Records for the exercise
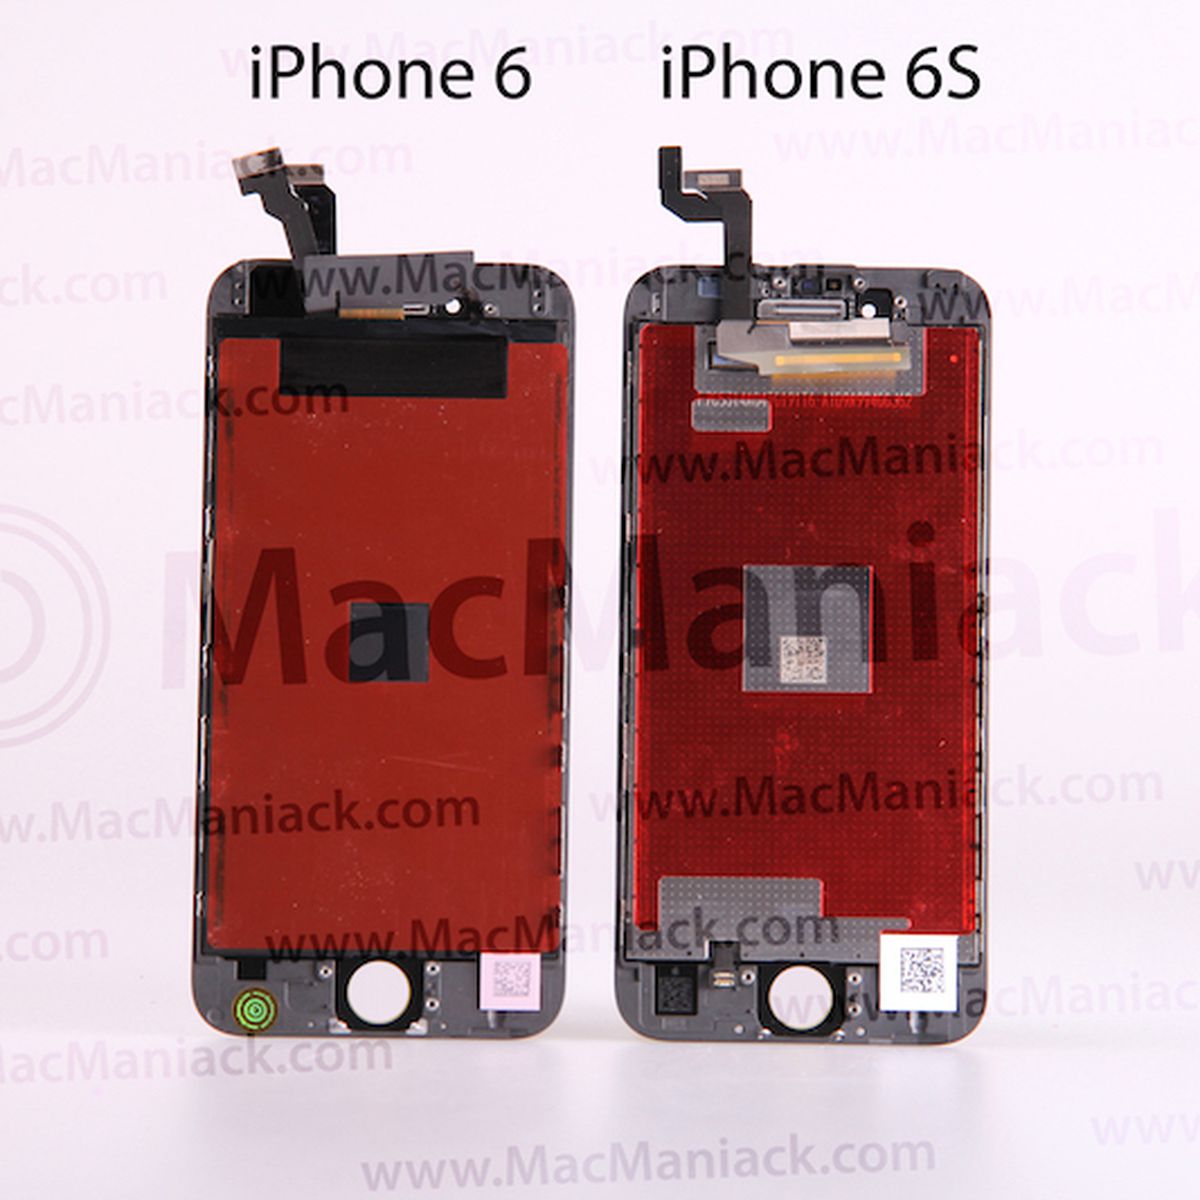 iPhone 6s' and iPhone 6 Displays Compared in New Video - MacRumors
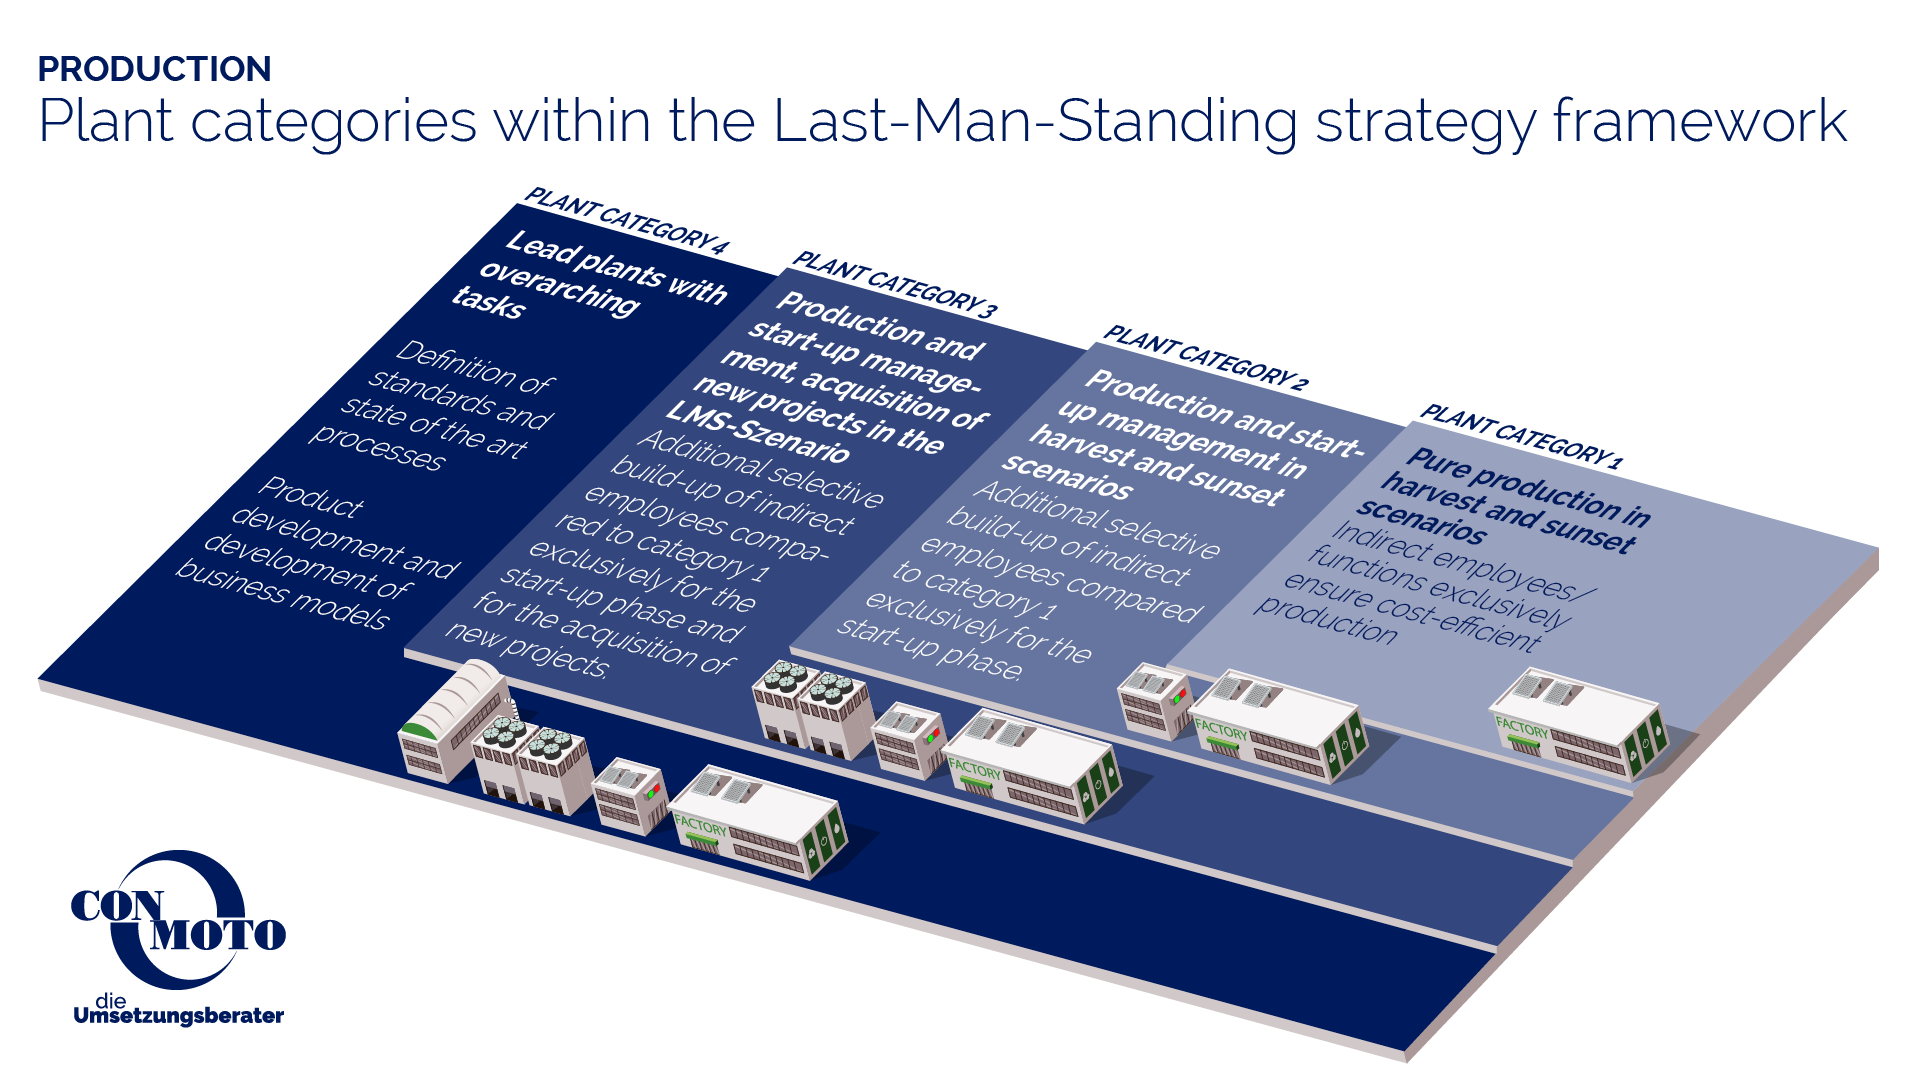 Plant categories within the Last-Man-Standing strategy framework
--
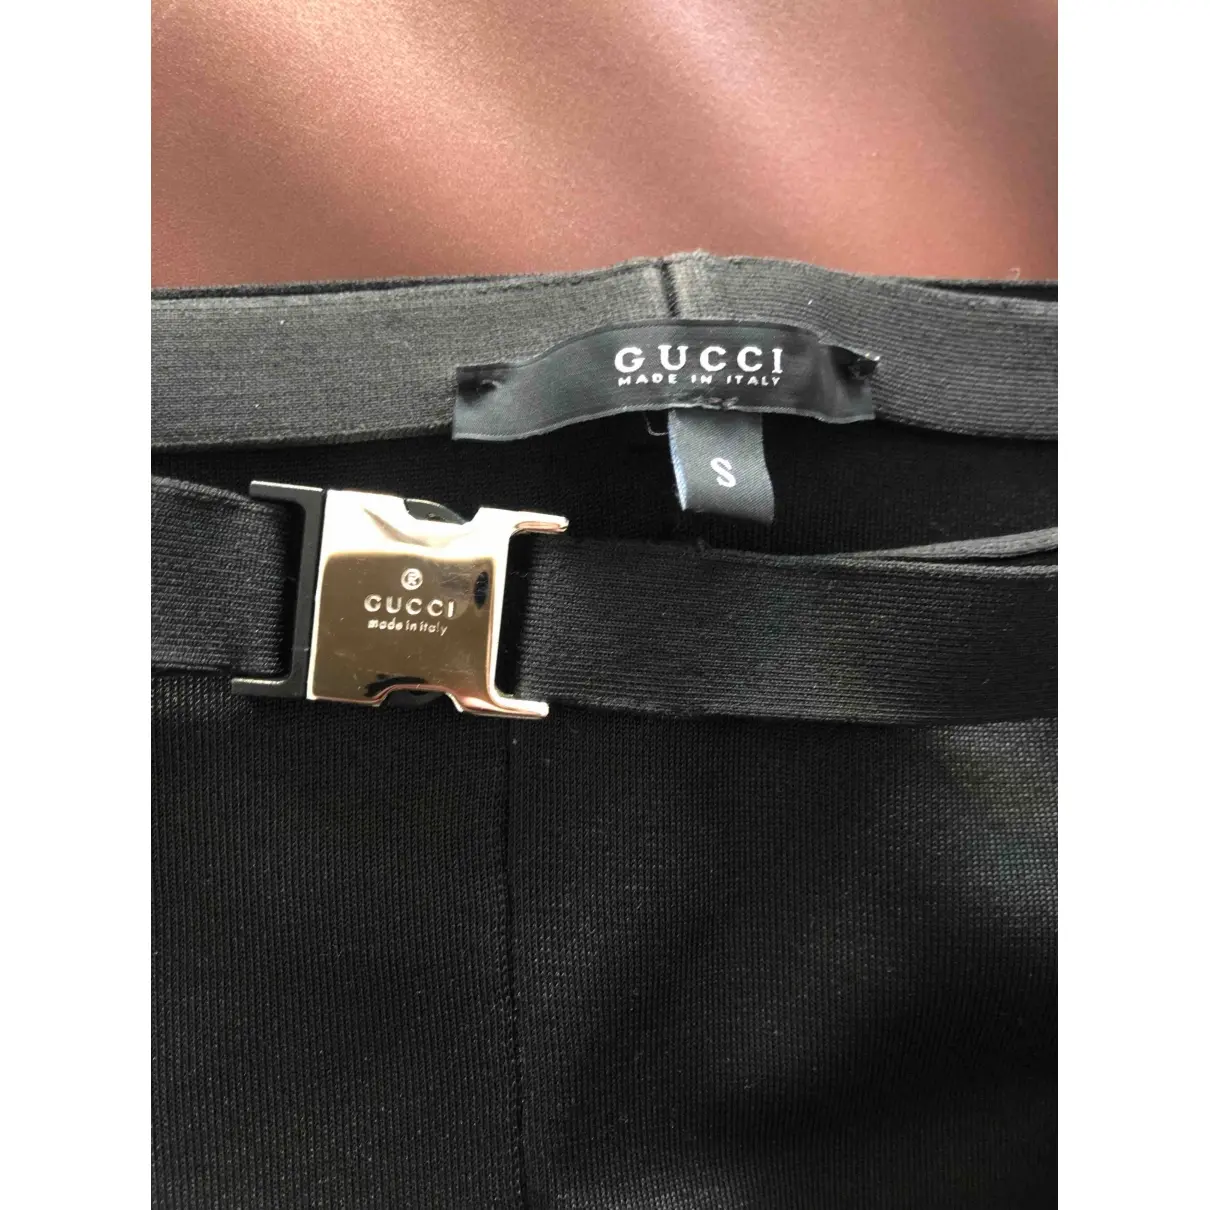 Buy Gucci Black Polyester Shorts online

Work request
Give back, exactly and without pictures, the stretch of the records above from the line containing "iPhone 6s' and" through the line containing "Plant categories within", with both end lines included.

Solution to this task
 iPhone 6s' and iPhone 6 Displays Compared in New Video - MacRumors
 Plant categories within the Last-Man-Standing strategy framework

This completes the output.